Pero sobre todo, el espejo nos muestra nuestra indigencia y modestia frente a la soberbia y la desmesura, frente a esa pretensión de omnipotencia, esa creencia de saberlo y poderlo todo, esa arrogancia que nos lleva al exceso y a la expansión ilimitada. El filósofo Manuel Sacristán decía que somos la especie de la hybris, del pecado original, de la soberbia, la especie exagerada capaz de expansionarse hasta la autodestrucción. Vivimos con la ilusión del control, con esa tendencia a pensar que podemos dominar sucesos o resultados sobre los que, en realidad, tenemos poca o nula influencia (y esta crisis del COVID-19 es un claro ejemplo).

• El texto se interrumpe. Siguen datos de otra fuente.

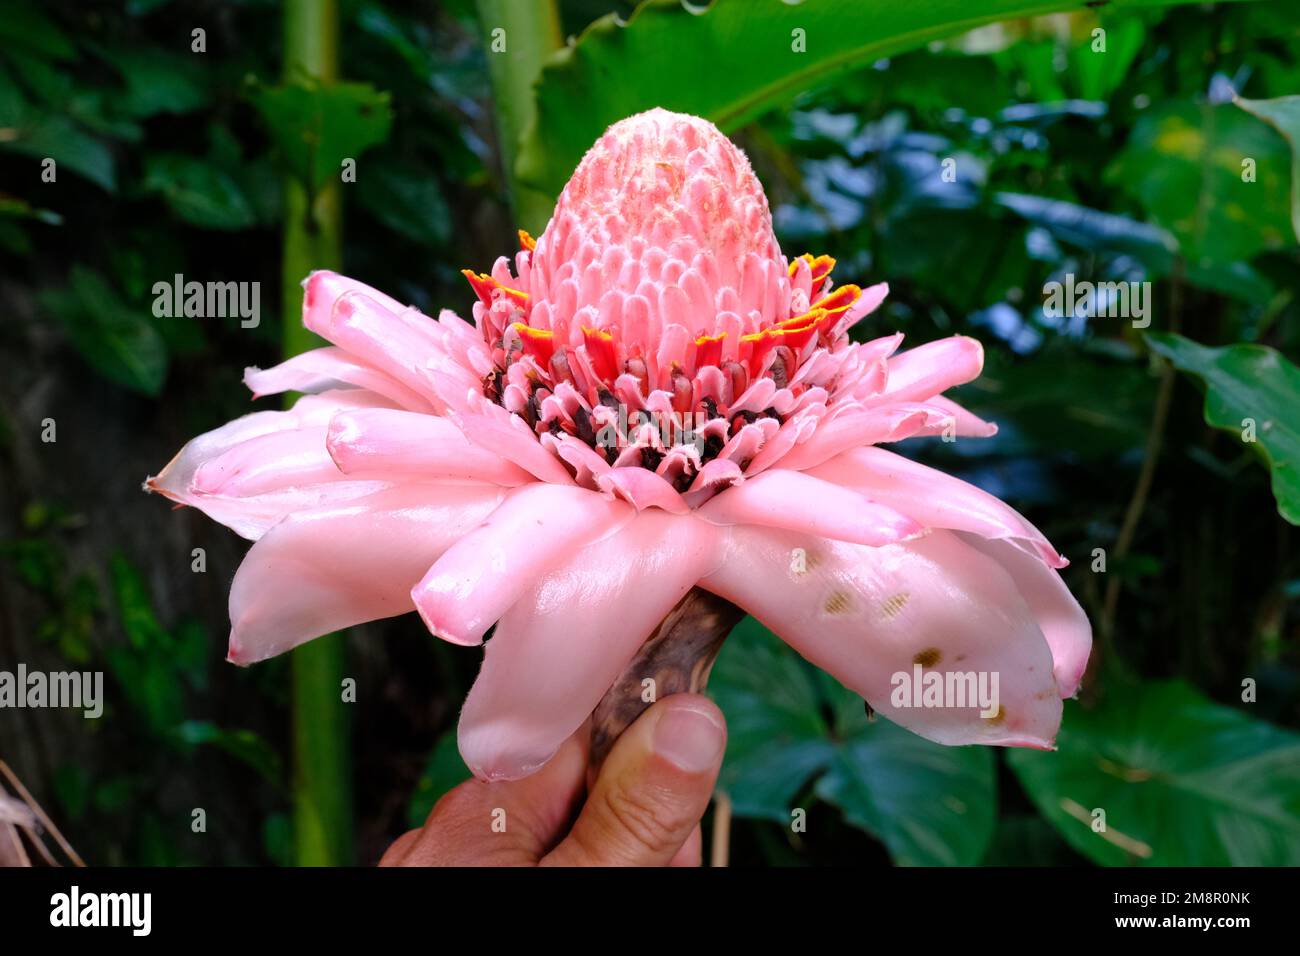 Indonesia Bali - Etlingera elatior - ginger flower - wild ginger Stock Photo

Cara a cara con nuestra imagen en el espejo de esta crisis no queda otra que volver a la humildad, a la modestia, a la alegría de las cosas finitas, como dice mi amigo y colega Luciano Espinosa (www.dilemata.net/revista/index.php/dilemata/article/view/352), que toma como punto de partida la finitud, siempre vulnerable al dolor pero que no condesciende a quedarse ahí anclada.
La palabra humildad proviene del latín humilitas, que significa “pegado a la tierra”, esto es, una humildad socrática (“sólo sé que no sé nada”), mediante la que reconocemos las propias debilidades y limitaciones. Poner los pies en la tierra, reconocer el valor de lo cotidiano, de lo prosaico, como pone de relieve la economía feminista: el capitalismo no reconoce todo el trabajo, invisibiliza esas modestas (pero imprescindibles) tareas que sostienen la vida y sólo remunera al “trabajador champiñón”, que brota de la nada con la camisa planchada listo para ir al tajo, que no cuida ni es cuidado.
Decía Thomas Merton que el orgullo nos hace artificiales y la humildad nos hace reales. El mencionado Manuel Sacristán hablaba de principio de modestia en la cultura obrera, por contraposición a la cultura de los intelectuales, sobre la base del reconocimiento de la muerte. Y para Kant “las personas de verdadero mérito no son ni soberbias ni fatuas, sino humildes, porque su idea sobre el verdadero valor es tan elevada que no pueden satisfacerla ni igualarse a ella, y son conscientes en todo momento de la distancia que les separa de ese ideal.”
Se trata de recuperar una visión modesta de la razón, conectada con nuestra esencial falibilidad, una tradición de pensamiento que exige examinar, comprobar, reflexionar, inspeccionar, investigar, buscar… y que es consciente de nuestra inherente limitación epistémica, de la inseguridad del conocer humano. Tradición que abarcaría, entre otros, a Sócrates, Nicolás de Cusa, Erasmo, Montaigne, Voltaire, Lessing, Leibniz en cierto modo y, más en nuestros días, el pragmatismo (de Dewey a Rorty), Popper y Toulmin. Representan una racionalidad modesta, ponderativa y prudencial, vinculada a lo contingente, la incertidumbre, la falta de seguridades, los riesgos. Recordando a Otto Neurath, somos marineros que en alta mar deben reconstruir su barco, usando las mismas maderas viejas con que fue construido, sin poderlo desarmar en un dique.
“Aunque andemos con zancos, siempre andaremos con nuestras piernas, y en el más elevado trono del mundo siempre sobre nuestro culo nos sentamos. A mi entender, las más hermosas vidas son las que se ajustan al modelo humano y común, con buen orden y sin milagros ni extravagancias.” (Montaigne).
Ojalá que cuando al fin volvamos a abrazarnos, en palabras de Gonzalo Sánchez-Terán, “que sean nuestros brazos brazos nuevos, más sabios, más clementes, más humanos”. Más humildes y modestos.